L’idea progettuale deve tendere ad unire l’aspetto di riqualificazione urbana, la rigenerazione del costruito, che può rivitalizzare un’area magari economicamente interessante ma poco appetibile (per via della difficoltà operativa) con una chiara idea green e che tende a far propria la visione a “zero consumo di suolo” perché recupera l’esistente evitando così espansione su aree che possono mantenere la ruralità che le contraddistingue, e unisce il concetto della riduzione dell’impatto energetico.
L’introduzione di ampie porzioni a verde dentro il costruito, all’interno della città (banalmente con i tetti resi a verde), l’attenzione alla riduzione del consumo energetico (avvicinandosi ad un edificio n-zeb), la creazione di superfici drenanti (capaci di restituire acqua al sottosuolo e non convogliandola in condotte fognarie), sono la parte integrante, anche se sarebbe meglio definirla quale parte tecnicamente sostanziale, dell’edificio in progetto e di cui rappresentano una parte dei famosi contrappesi citati.
Contrappesi che tendono a ridurre l’impatto dell’edificazione stessa soprattutto in un centro già completamente edificato e pressoché privo di elementi verdi e di luoghi urbani significativi.

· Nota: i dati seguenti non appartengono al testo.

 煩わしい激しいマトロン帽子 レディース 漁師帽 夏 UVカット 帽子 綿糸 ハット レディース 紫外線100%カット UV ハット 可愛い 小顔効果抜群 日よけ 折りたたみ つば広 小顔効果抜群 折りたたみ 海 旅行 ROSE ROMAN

L’uso, infine, di colori adatti, e l’inserimento delle pareti verdi sulla facciata (oltre a migliorare il confort termico) consentono di rendere, anche a livello percettivo (visivo), l’edificato come parte di un contesto capace di empatia con i cittadini, veri fruitori dello spazio urbano.
Il tutto perché ciò che deve muovere la vision progettuale (ma anche amministrativa) deve essere legata al concetto di vivere la città e non sopravvivere in città.
“Non è bello costruire dal nulla … bisogna intervenire dove c’è già qualcosa … Lo scopo è di rivitalizzare la città … il modo è quello di riqualificarla e trasformarne i luoghi in centri di ATTRAZIONE E SOCIALITA’ ”.
Il principe Miškin nell’Idiota di Dostoevskij afferma: ”La bellezza salverà il mondo” e per Dostoevskij il contrario di “bello” non era “brutto” ma utilitaristico, qualcosa legato allo spirito di usare gli altri e così rubar loro la dignità. Un po’ come quei piccoli ambienti fatti per massimizzare solo i guadagni dove viene buttata un’umanità spesso disperata…
Molti definiscono ripetutamente la bellezza come “accogliente”. Quando, infatti, giungiamo in presenza di un oggetto bello, questo ci accoglie. Si stacca dallo sfondo neutro come se ci venisse incontro per dirci “Benvenuto”! L’oggetto bello colma la mente, eppure spinge alla ricerca di qualcos’altro, qualcosa di più grande o, comunque, analogo con cui hai, così, bisogno di essere messo in relazione.
L’ambiente in cui viviamo dovrebbe essere così e il nostro contributo a costruire il bello nel nostro quotidiano lavoro e nell’incontro con gli altri, è ciò che ci aspetta per il domani nonostante i complotti, le scie chimiche e le vicine tuttologhe… anche se dobbiamo lavorarci un po’ ancora. Alla fine è un problema di cultura.